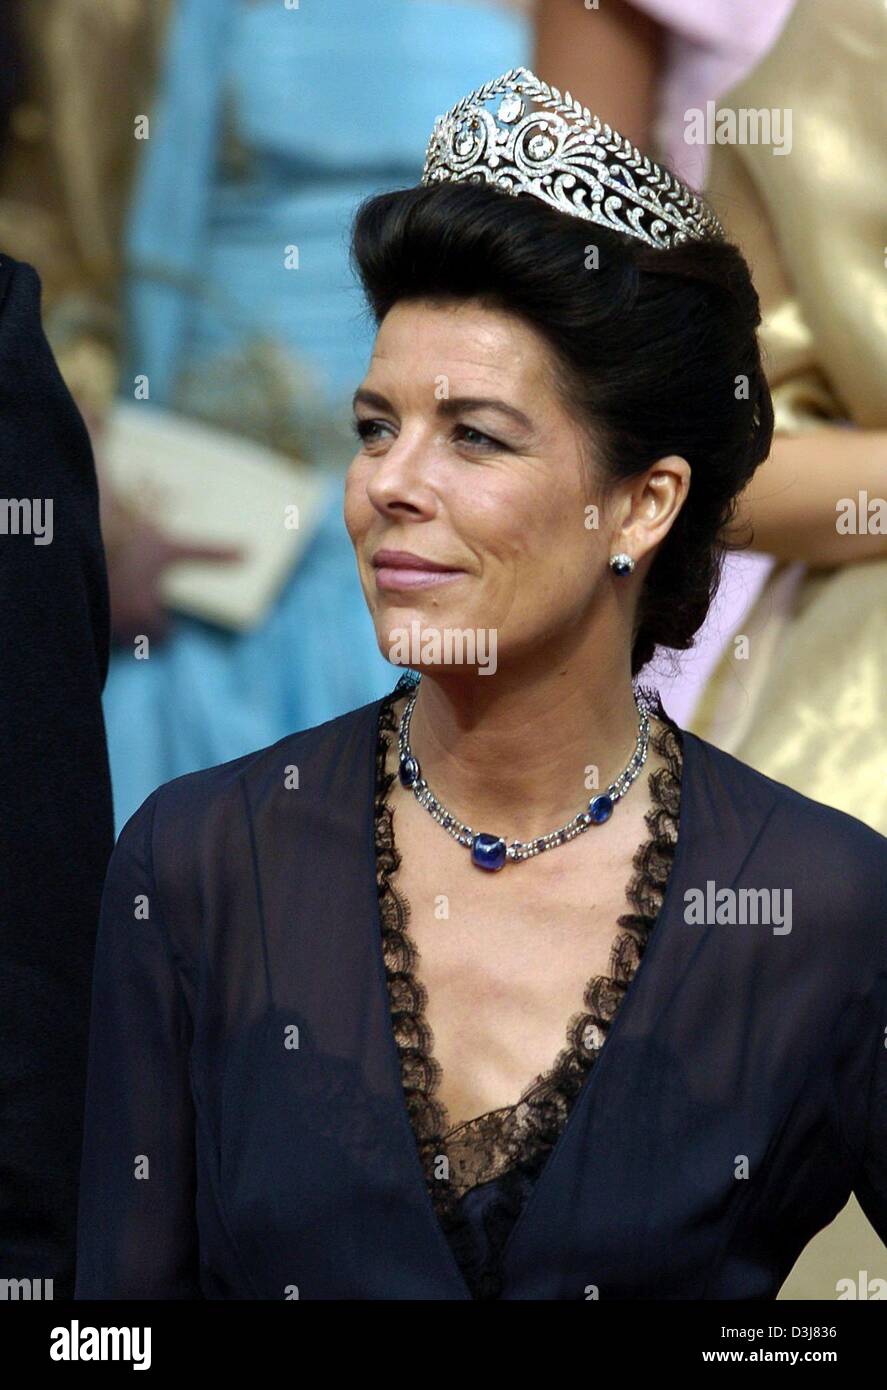 (dpa) - Princess Caroline of Monaco smiles on her arrival to the wedding of Danish crown prince Frederik and Mary Donaldson at the cathedrale in Copenhagen, Denmark, Friday, 14 May 2004. Members of all European royal dynasties were among the 800 invited guests who attended the wedding. Stock Photo
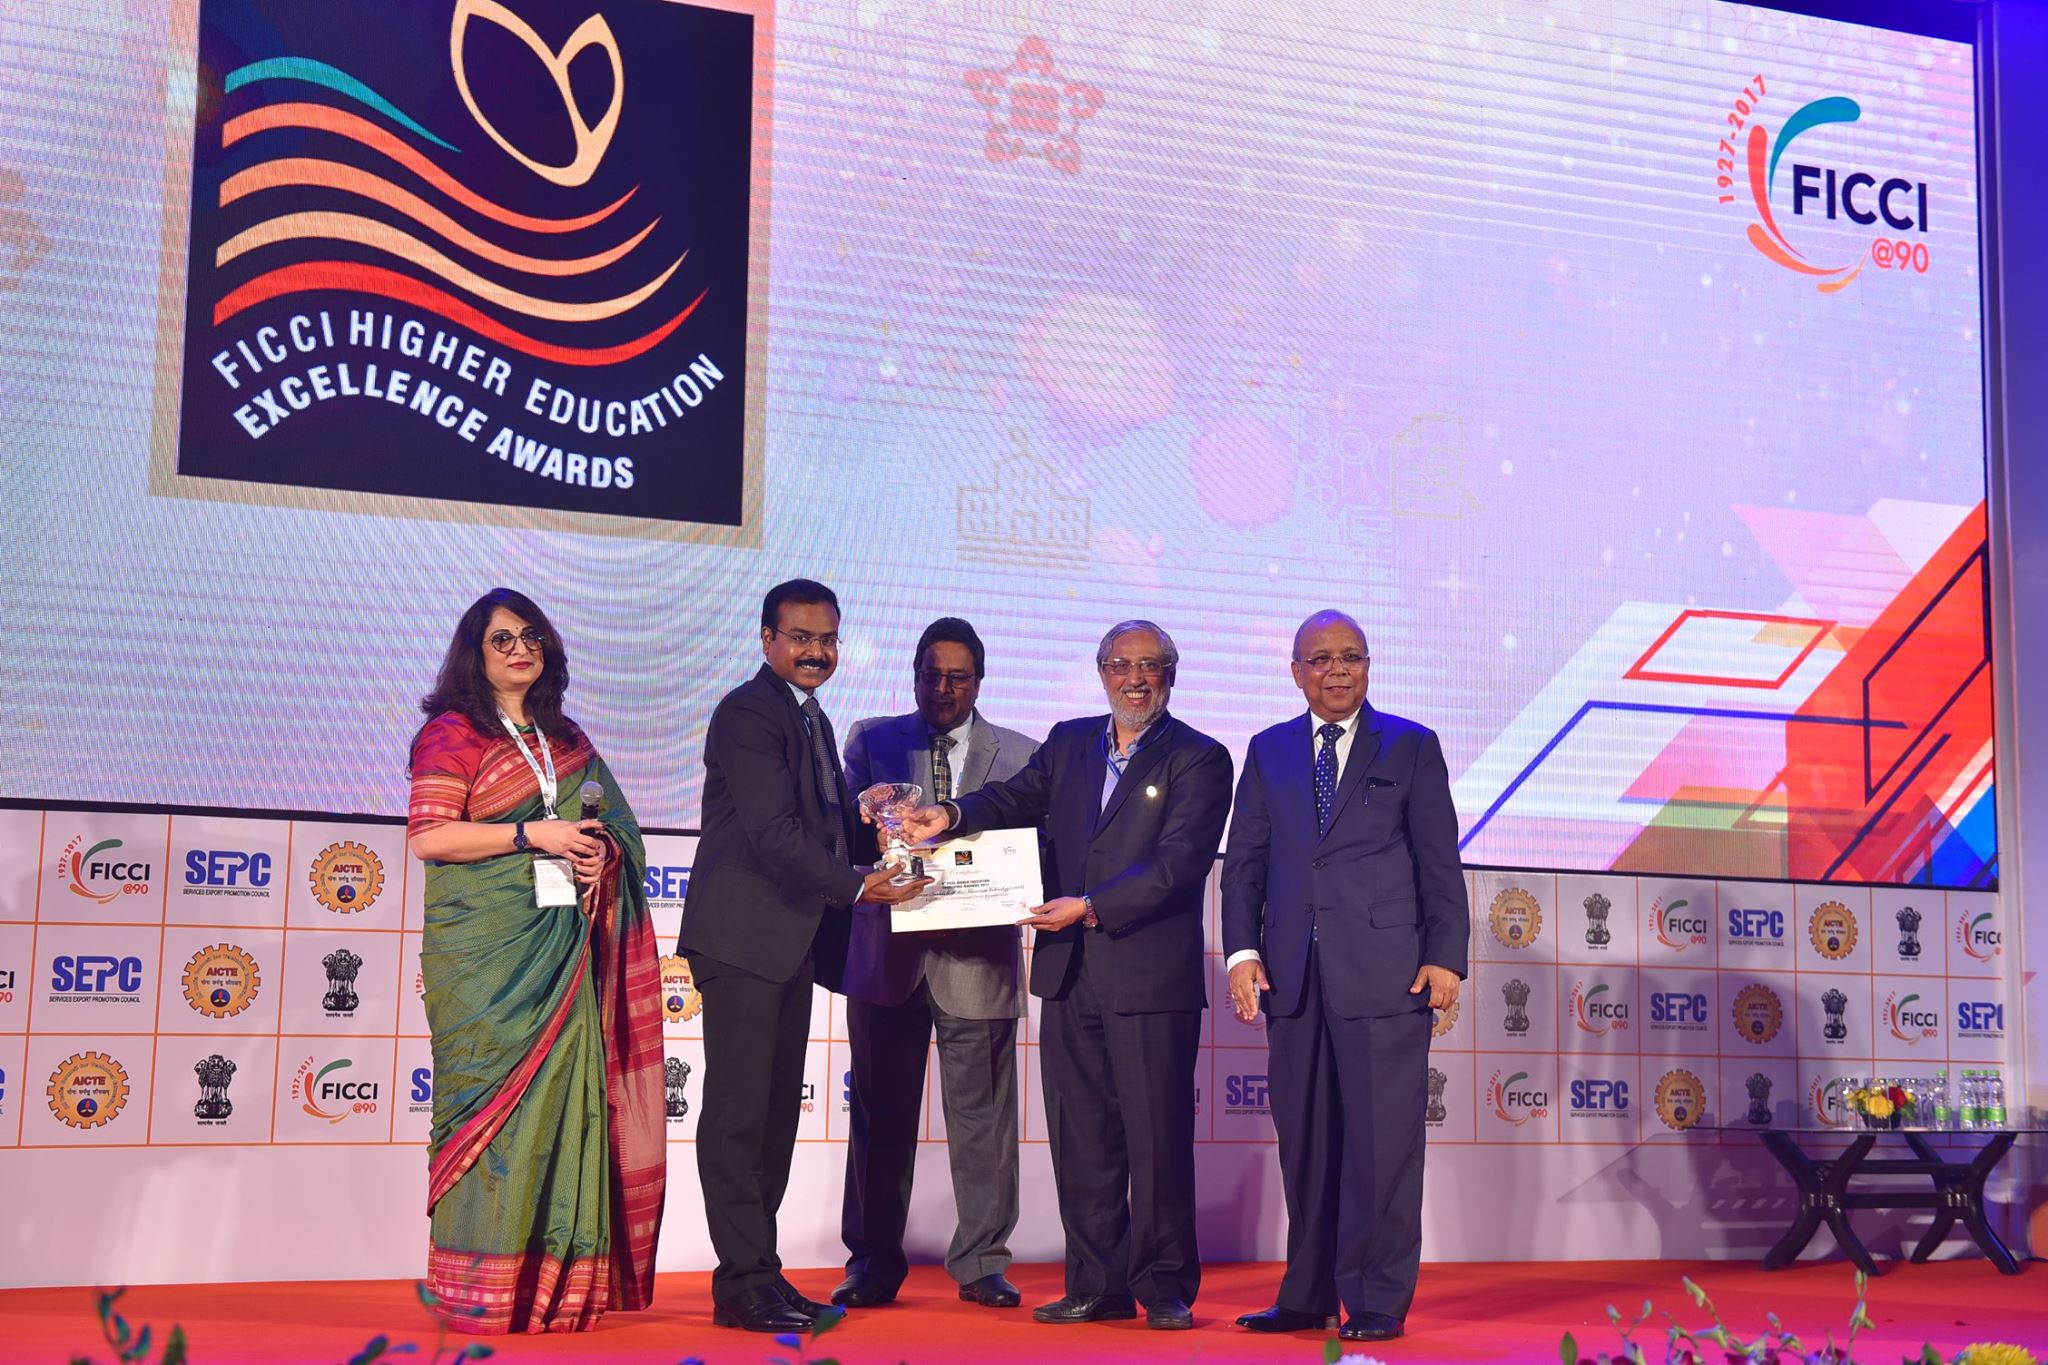 FICCI - Excellence in Institutional Social Responsibility
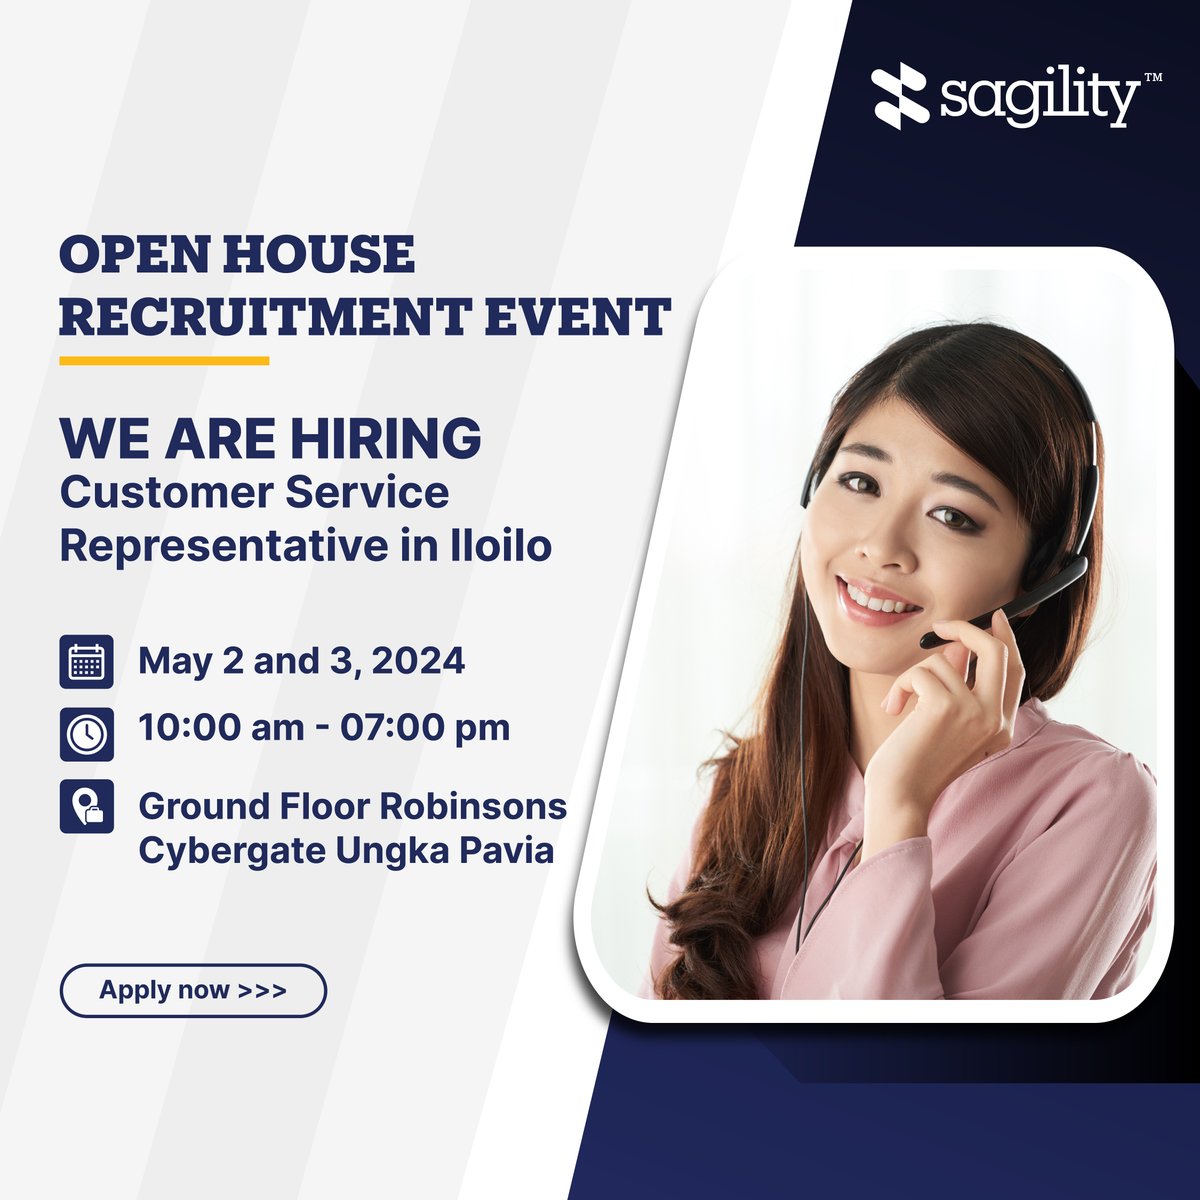 Just bring your updated resume and a valid ID. See you!  Qualifications:

2nd year college (72 units) with at least 6 months of work experience.
College graduate with or without work experience.

#Sagility #HiringNow #CustomerServiceRepresentatives #HealthcareCareers #JoinOurTeam

------------------------------------------------------------------------

- **Task**
Exactly as they stand, set down the lines from the start of the material through the line with "2nd year college", both ends included, omitting the pictures.

- **Answer space**
 (dpa) - Princess Caroline of Monaco smiles on her arrival to the wedding of Danish crown prince Frederik and Mary Donaldson at the cathedrale in Copenhagen, Denmark, Friday, 14 May 2004. Members of all European royal dynasties were among the 800 invited guests who attended the wedding. Stock Photo
 FICCI - Excellence in Institutional Social Responsibility
 Just bring your updated resume and a valid ID. See you!  Qualifications:

2nd year college (72 units) with at least 6 months of work experience.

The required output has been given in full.